§ PROBLEM TO WORK ON: Without including any images, repeat the listing below exactly.

§ SOURCE MATERIAL:
+--

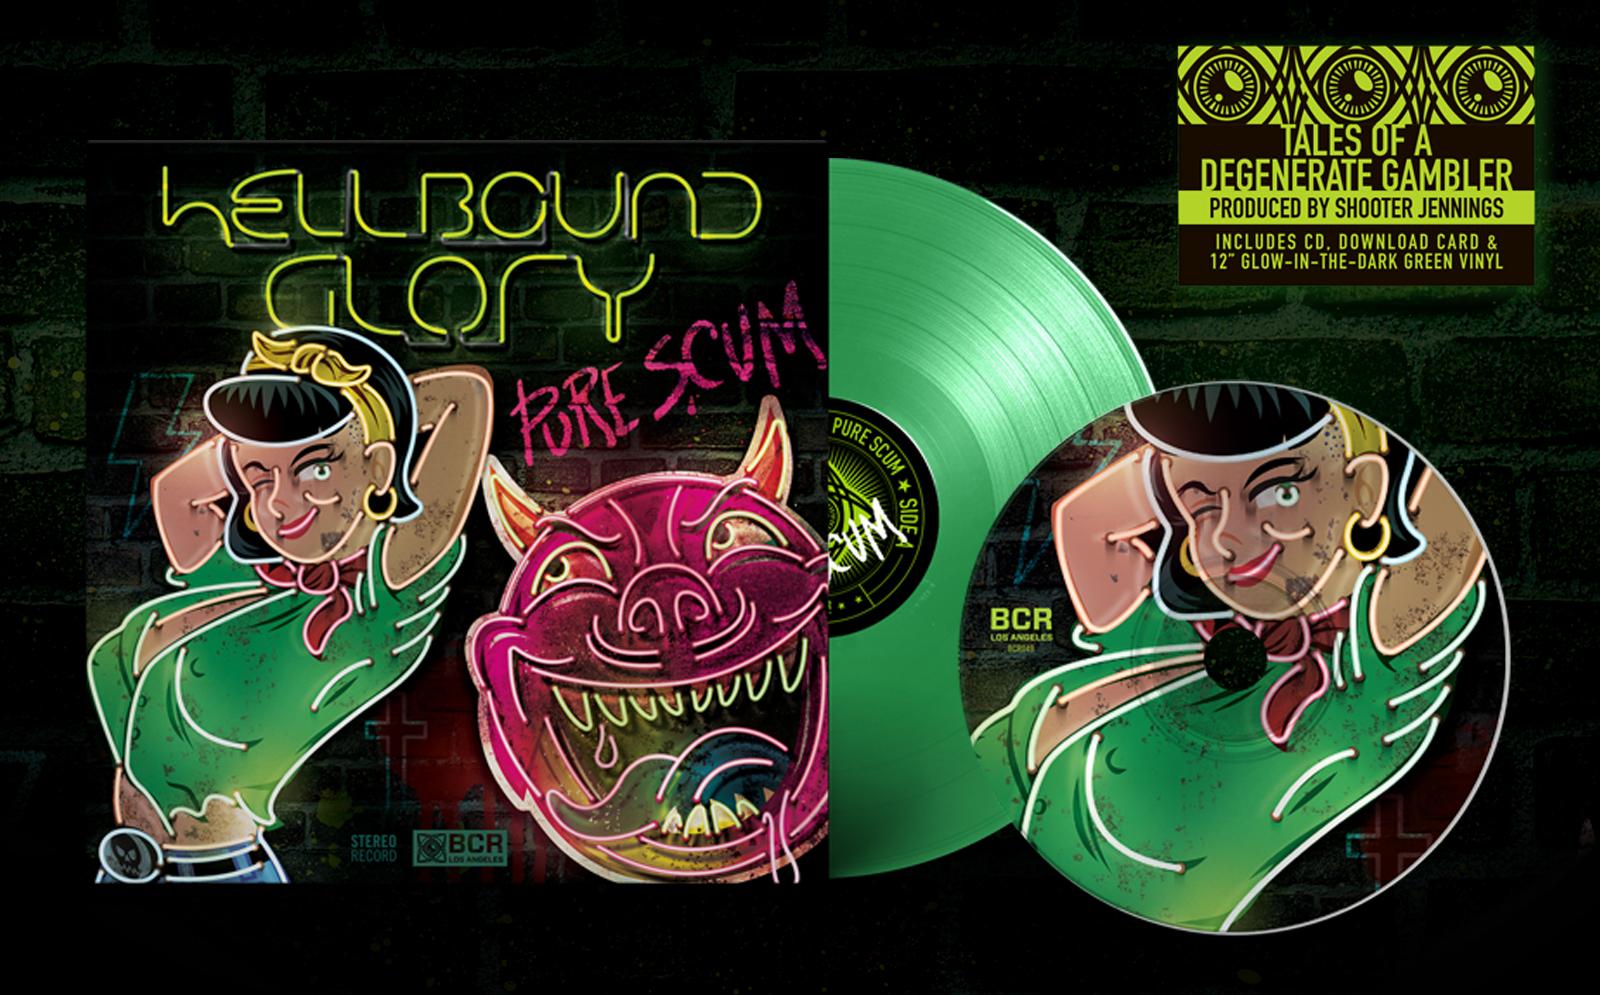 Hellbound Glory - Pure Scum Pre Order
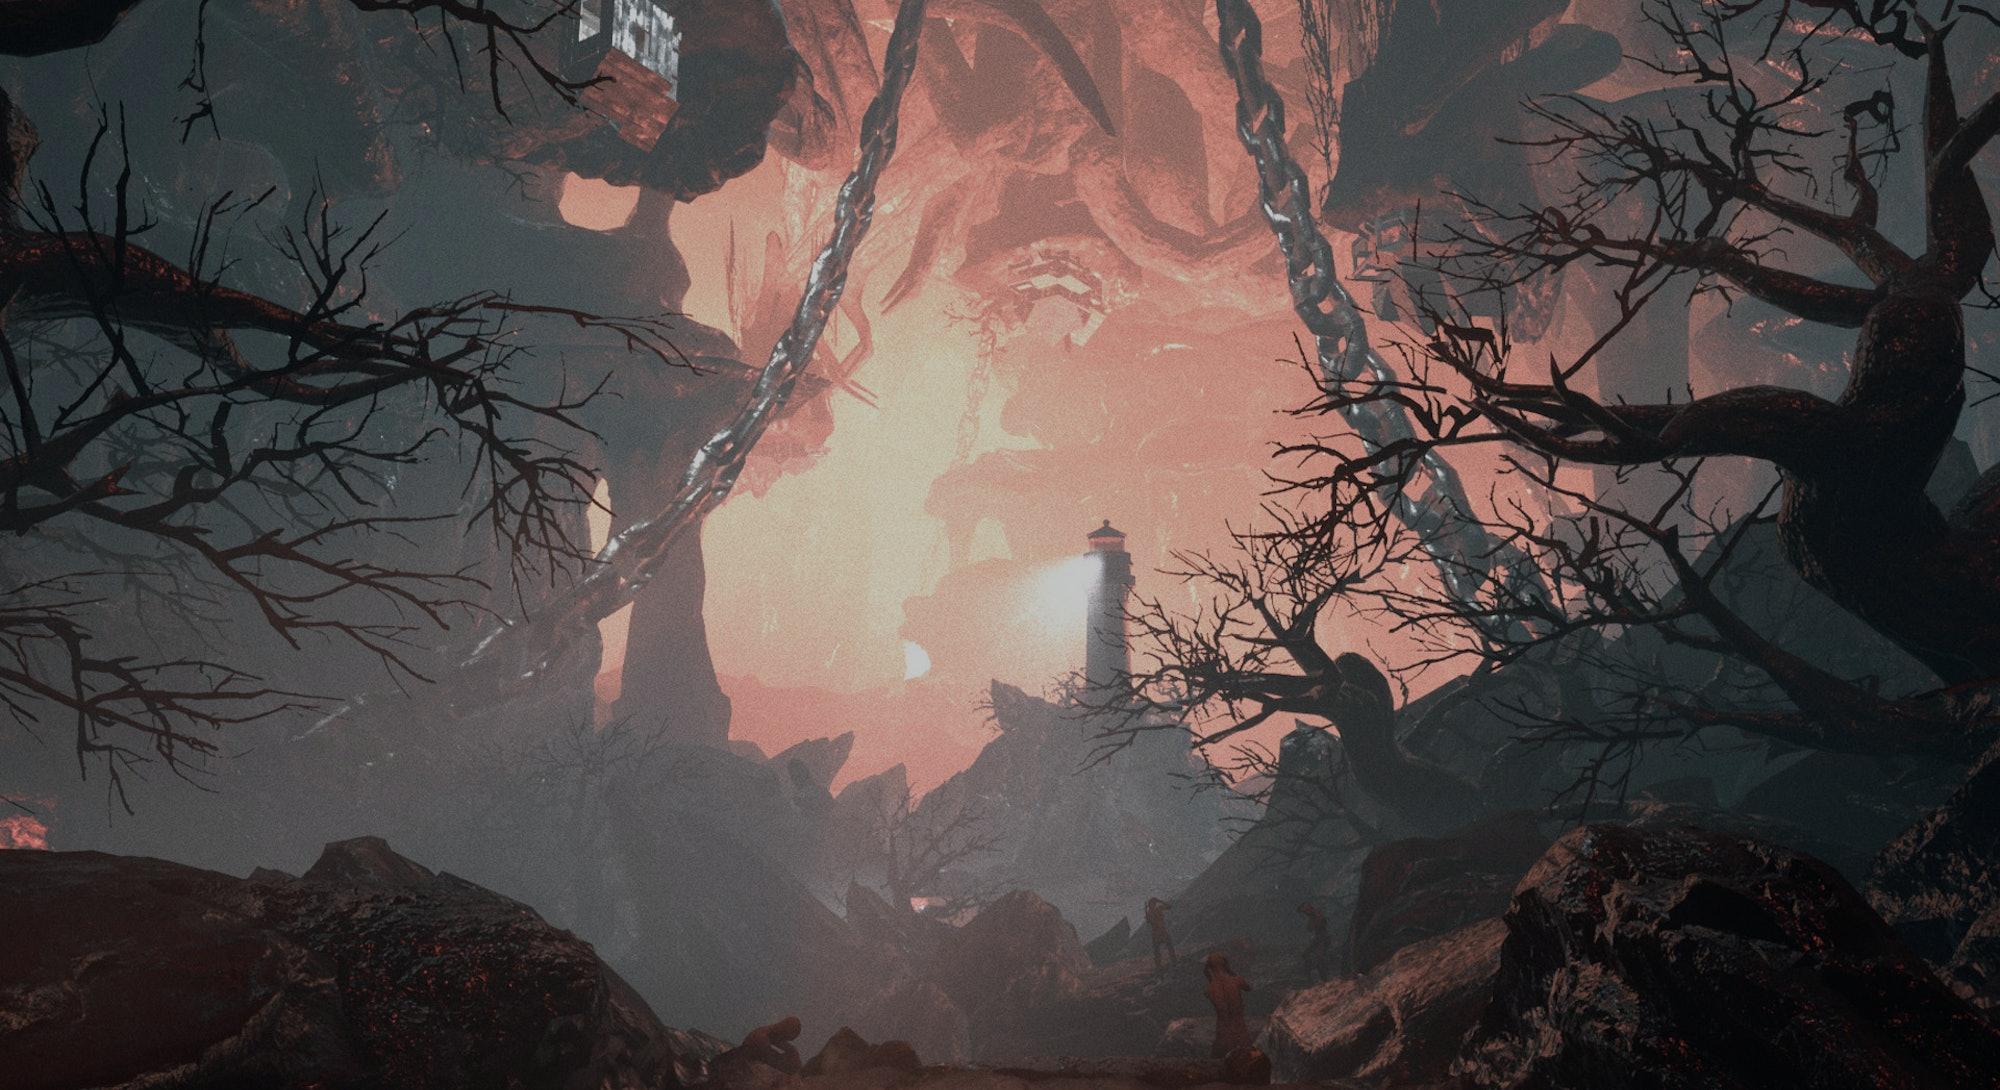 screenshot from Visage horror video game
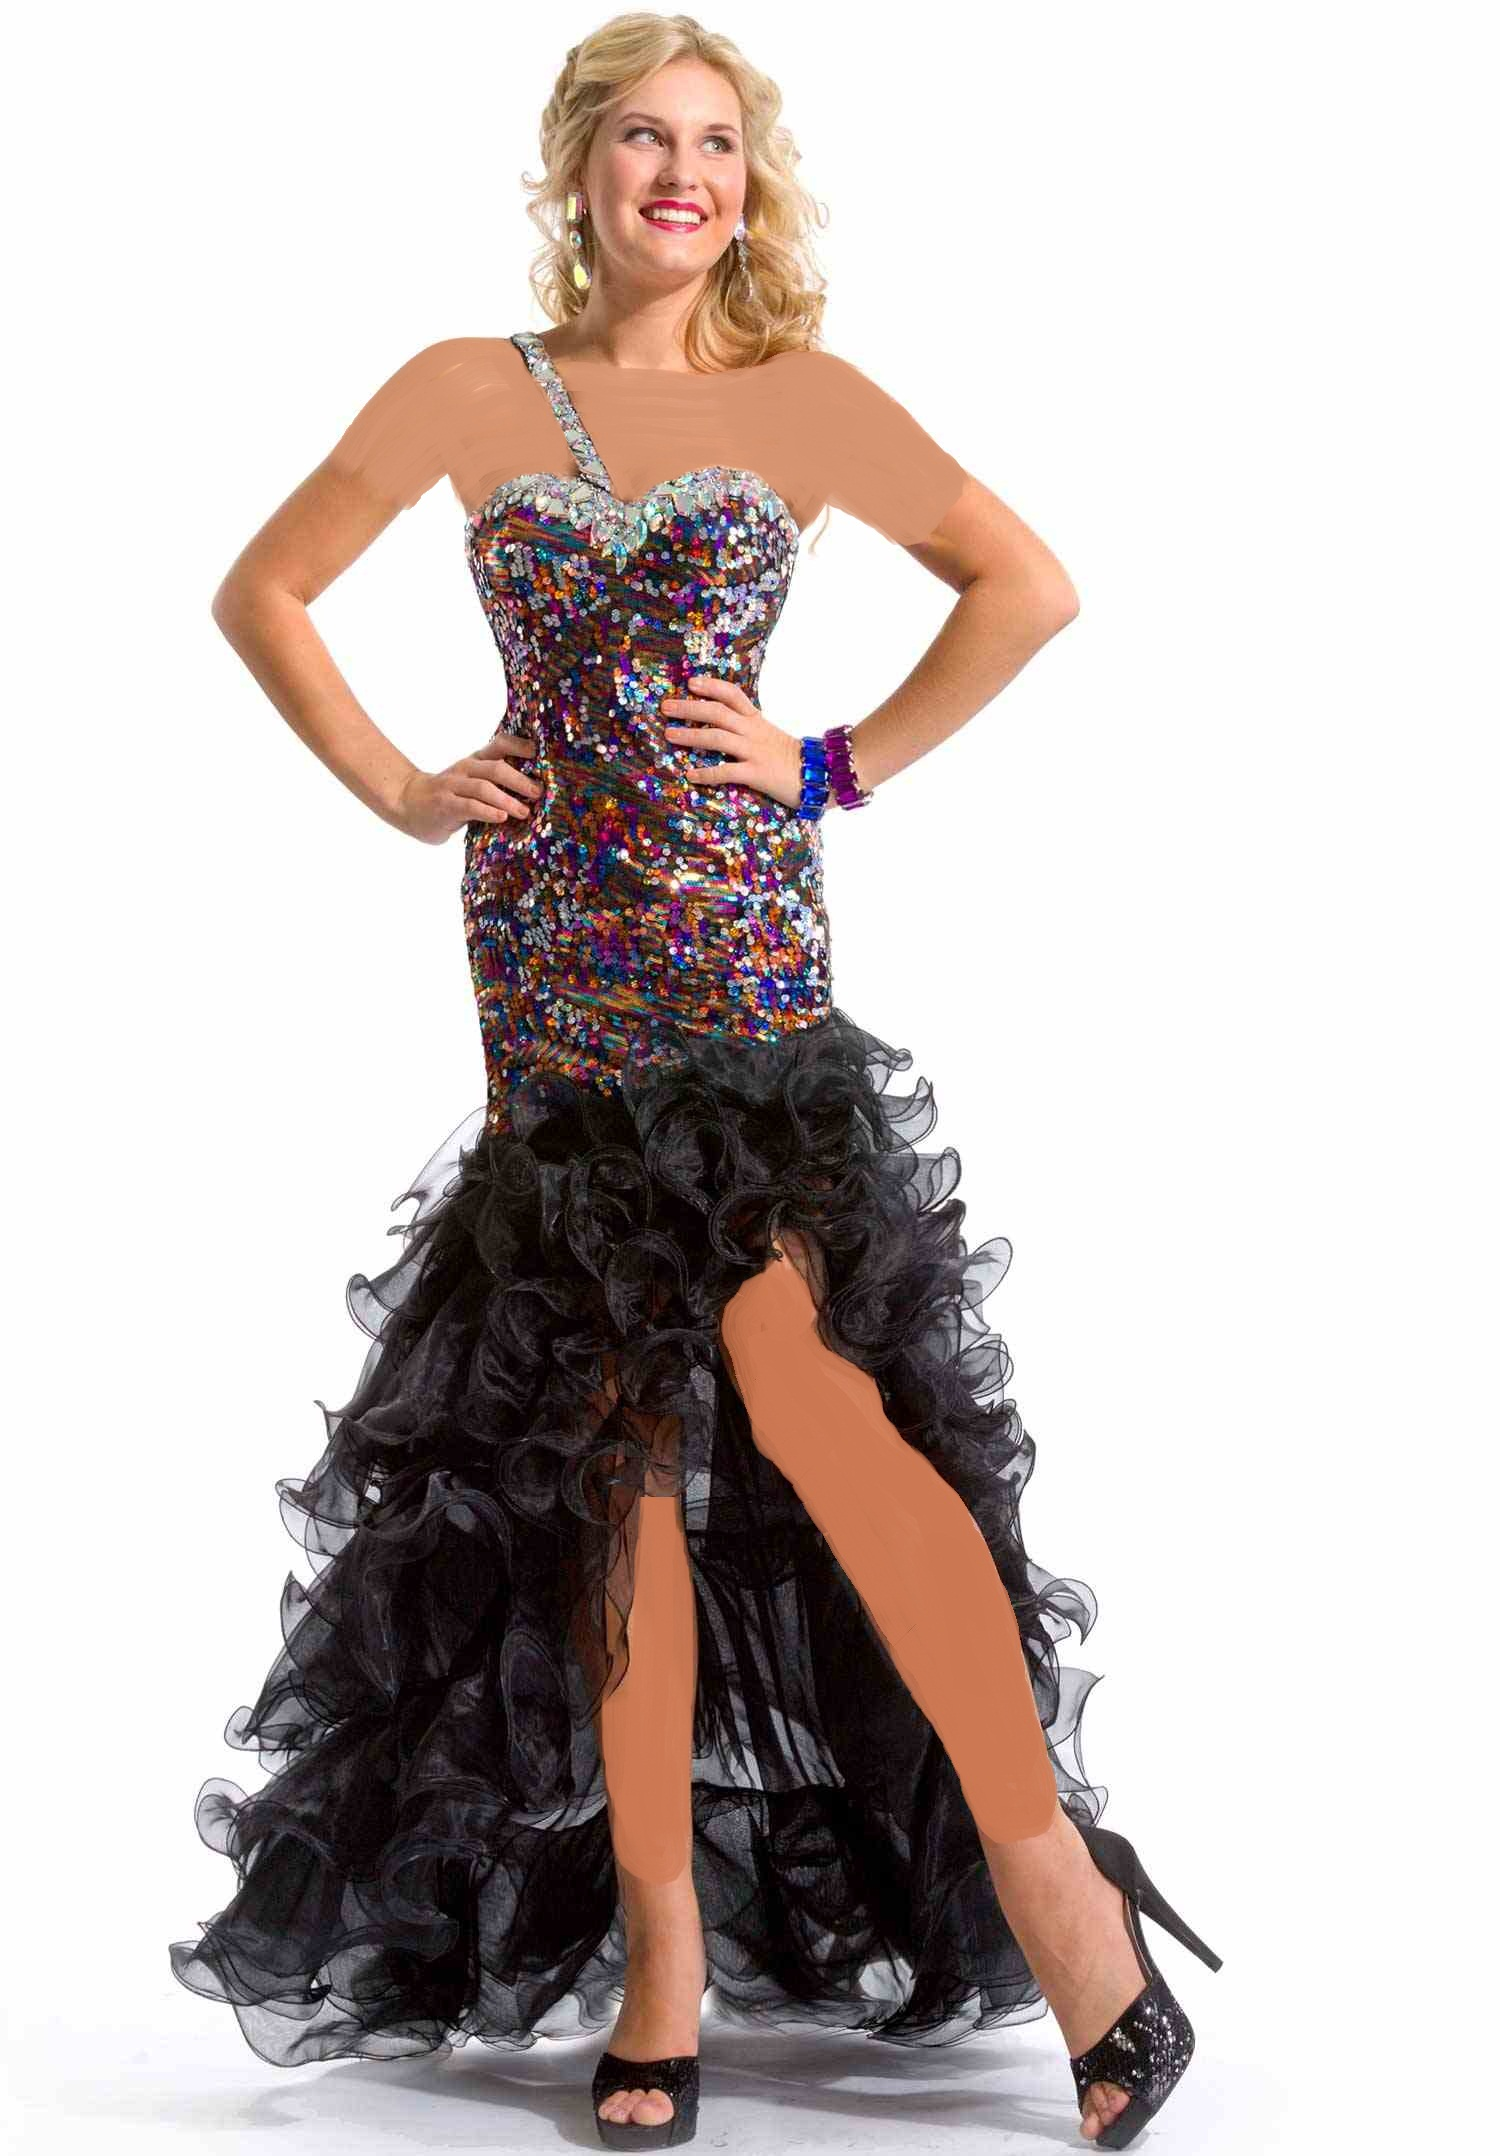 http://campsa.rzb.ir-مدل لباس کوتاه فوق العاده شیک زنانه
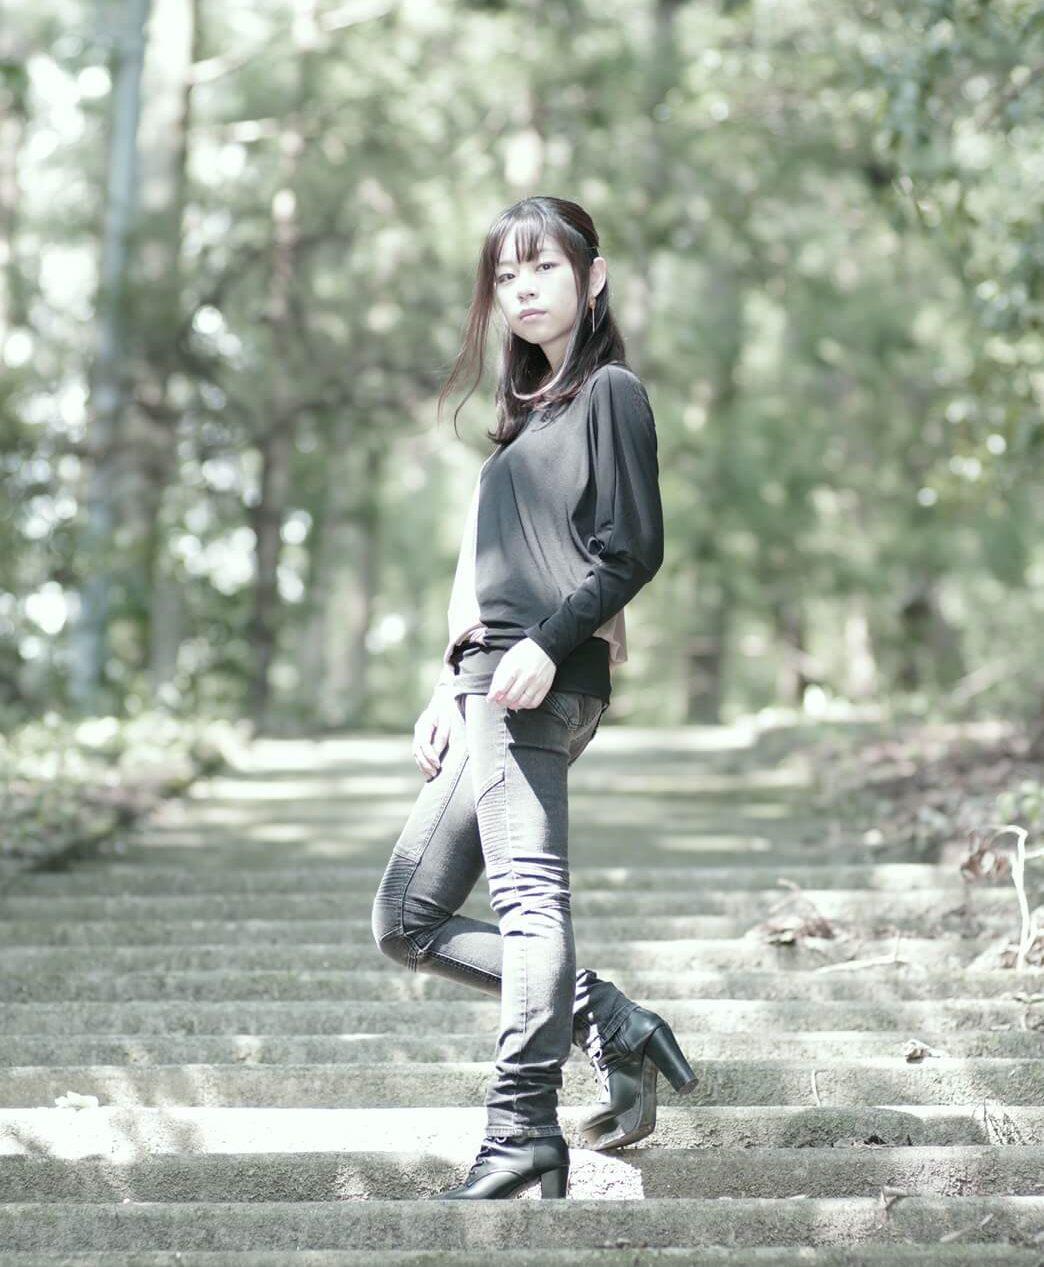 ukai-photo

+--

§ SOLUTION:
 Hellbound Glory - Pure Scum Pre Order
 screenshot from Visage horror video game
 http://campsa.rzb.ir-مدل لباس کوتاه فوق العاده شیک زنانه
 ukai-photo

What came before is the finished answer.